◆ **Provided data**:
* * * * *
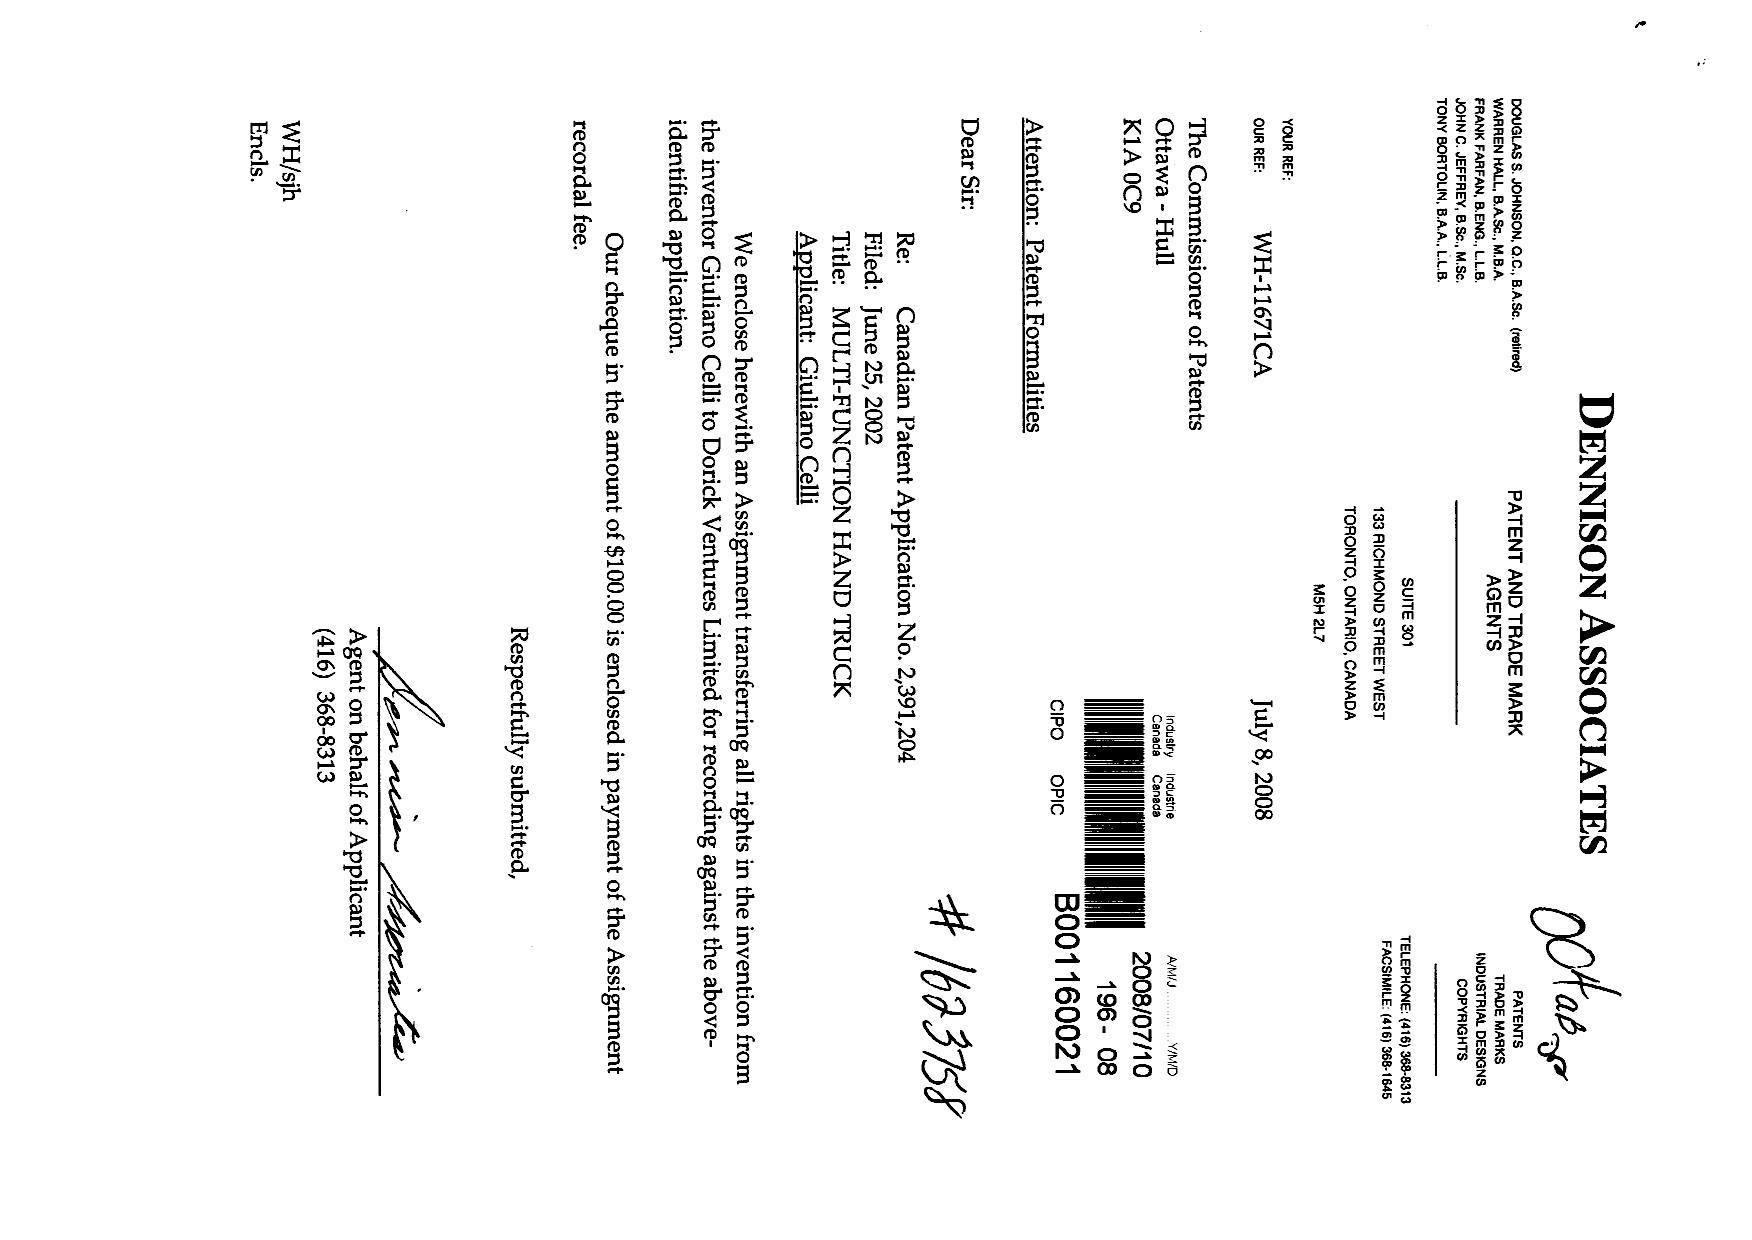 Document de brevet canadien 2391204. Cession 20080710. Image 1 de 3
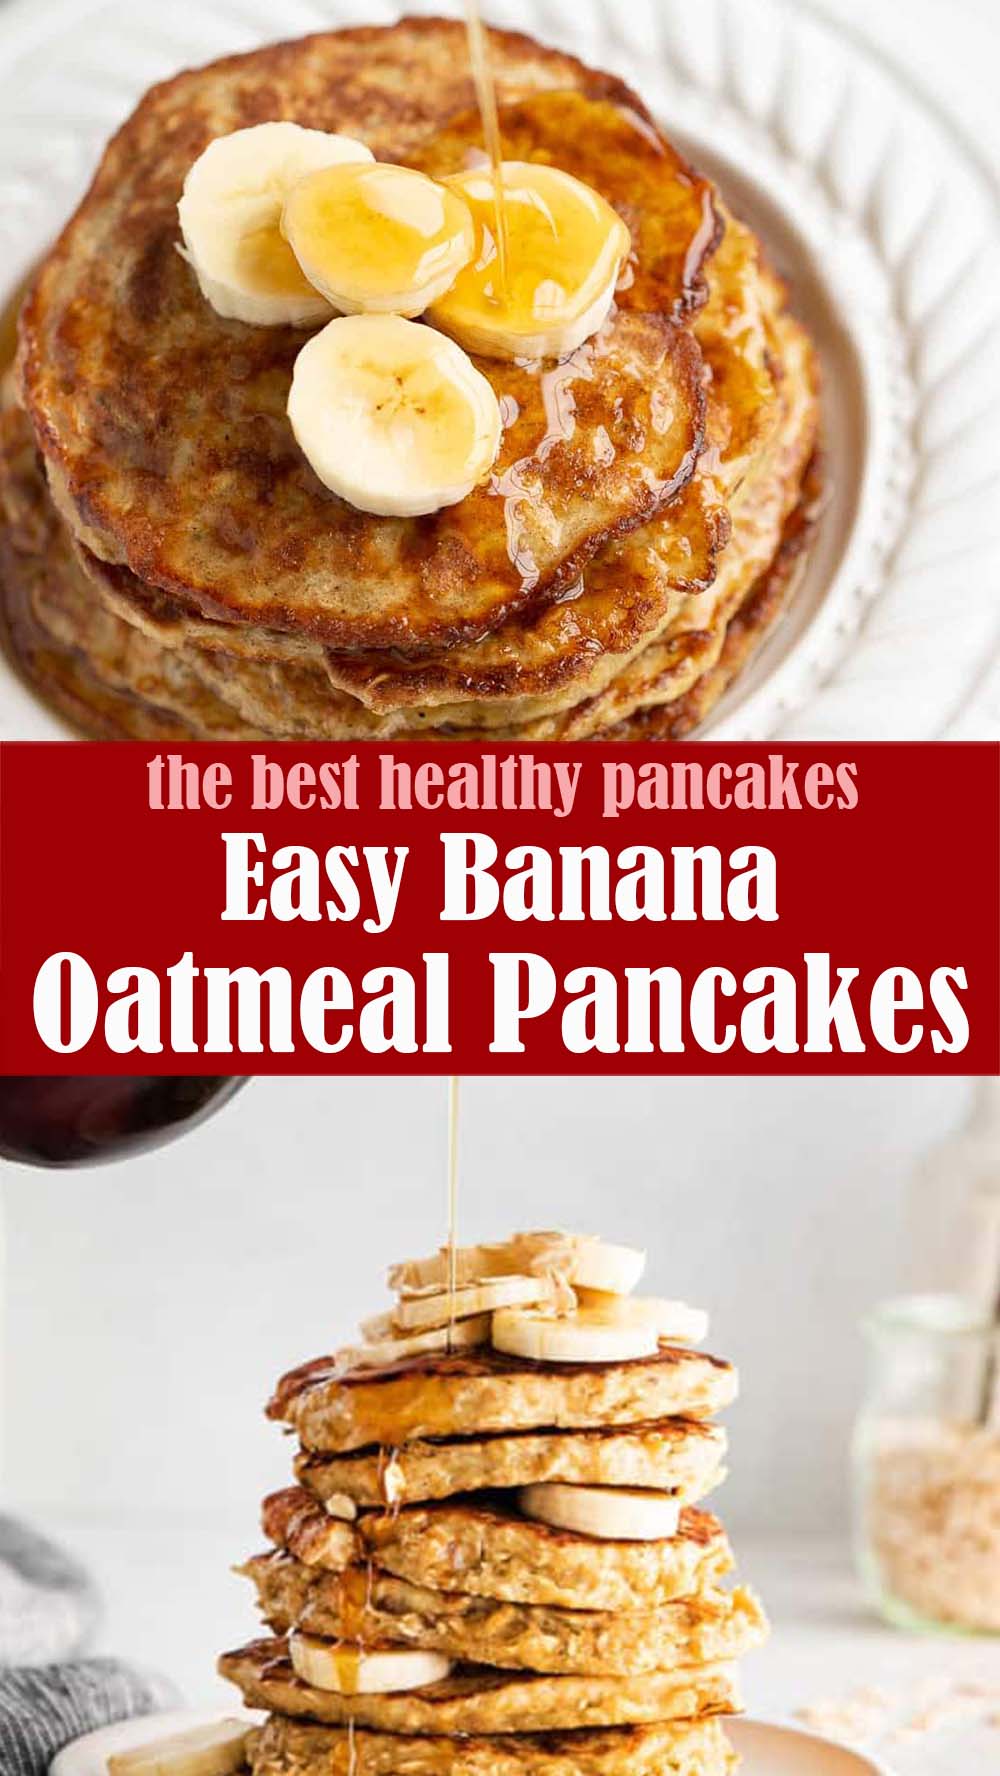 Easy Banana Oatmeal Pancakes
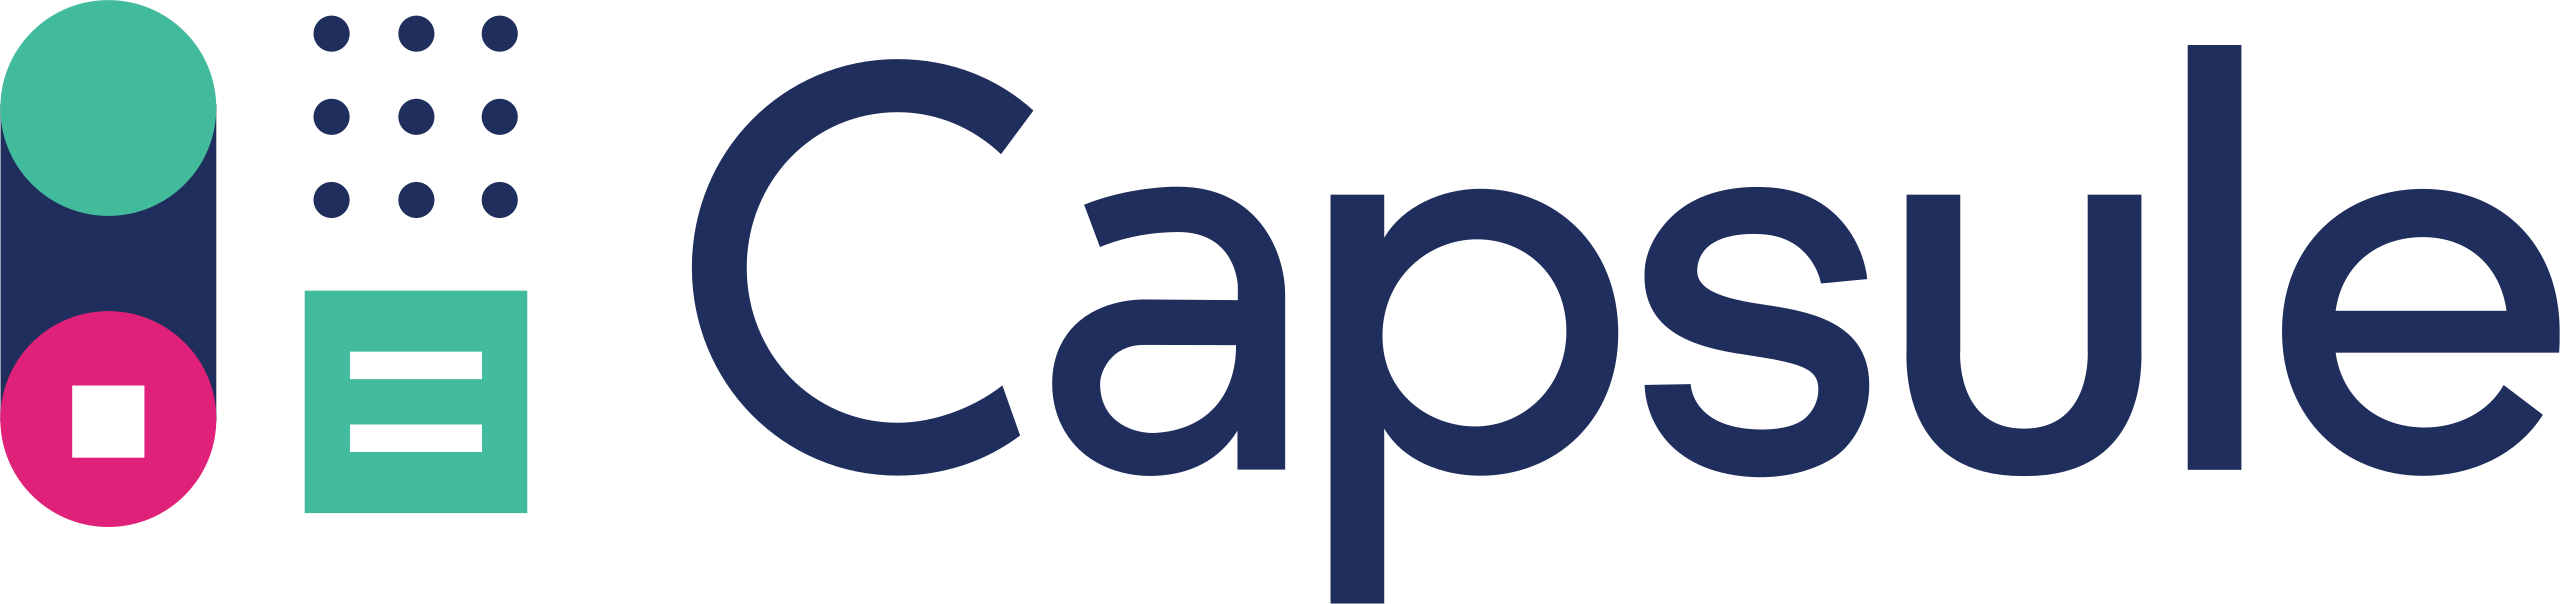 2560px-Capsule_Logo_Full.svg
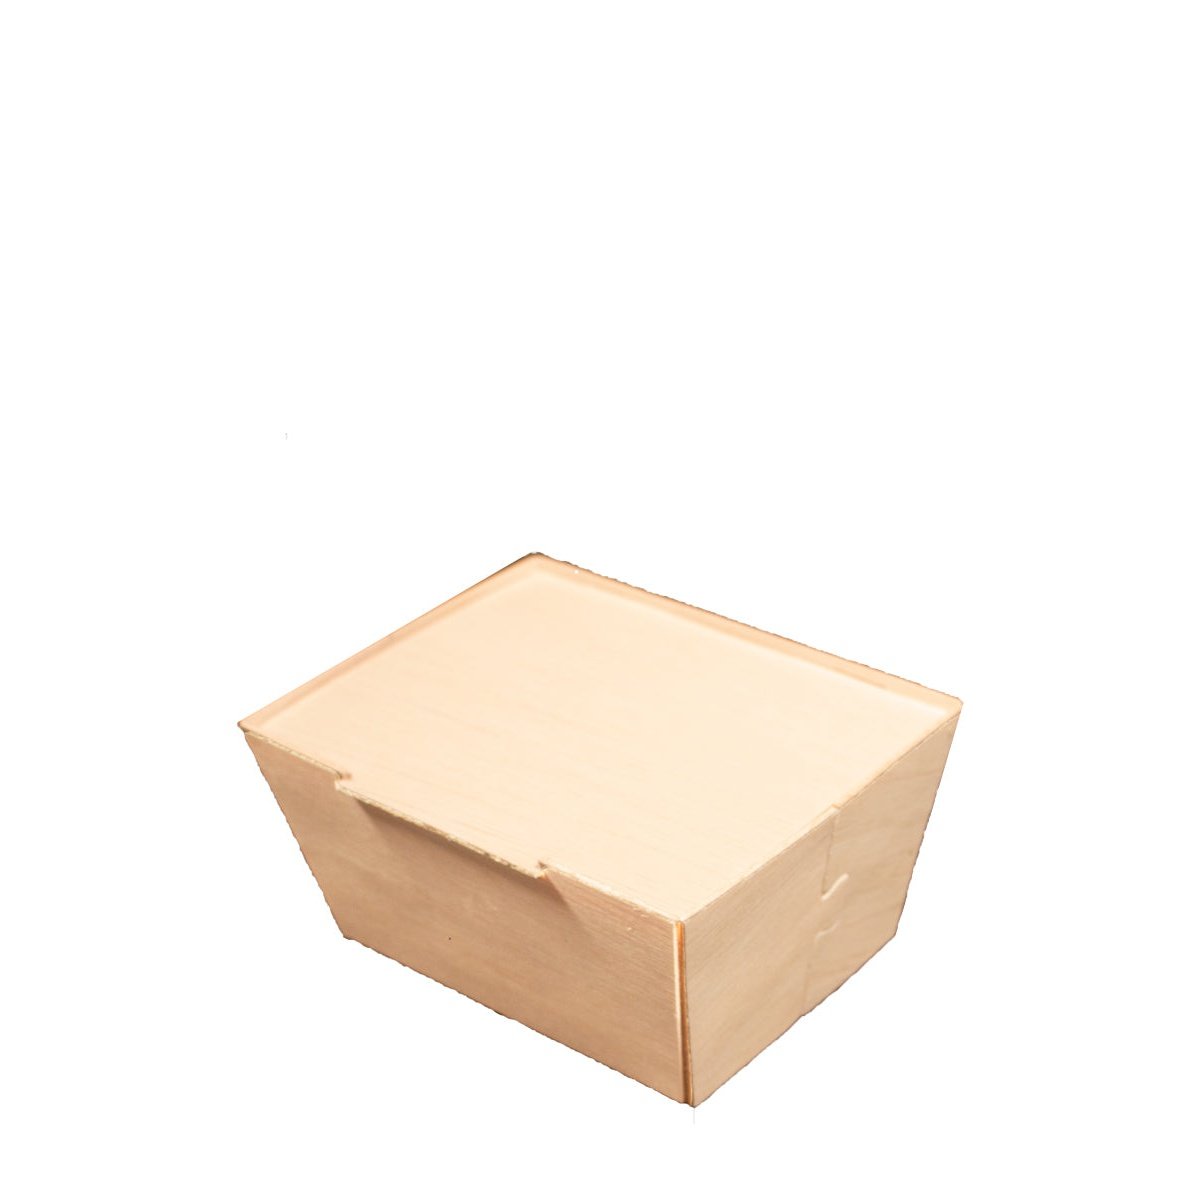 Promo selezione 4x Bag in Box da 2,25L - Torri Cantine Store IT
* * * * *
◆ **Work order**: Copy out all the data above exactly as written. Skip the pictures.

◆ **Response area**:
 Document de brevet canadien 2391204. Cession 20080710. Image 1 de 3
 Easy Banana Oatmeal Pancakes
 2560px-Capsule_Logo_Full.svg
 Promo selezione 4x Bag in Box da 2,25L - Torri Cantine Store IT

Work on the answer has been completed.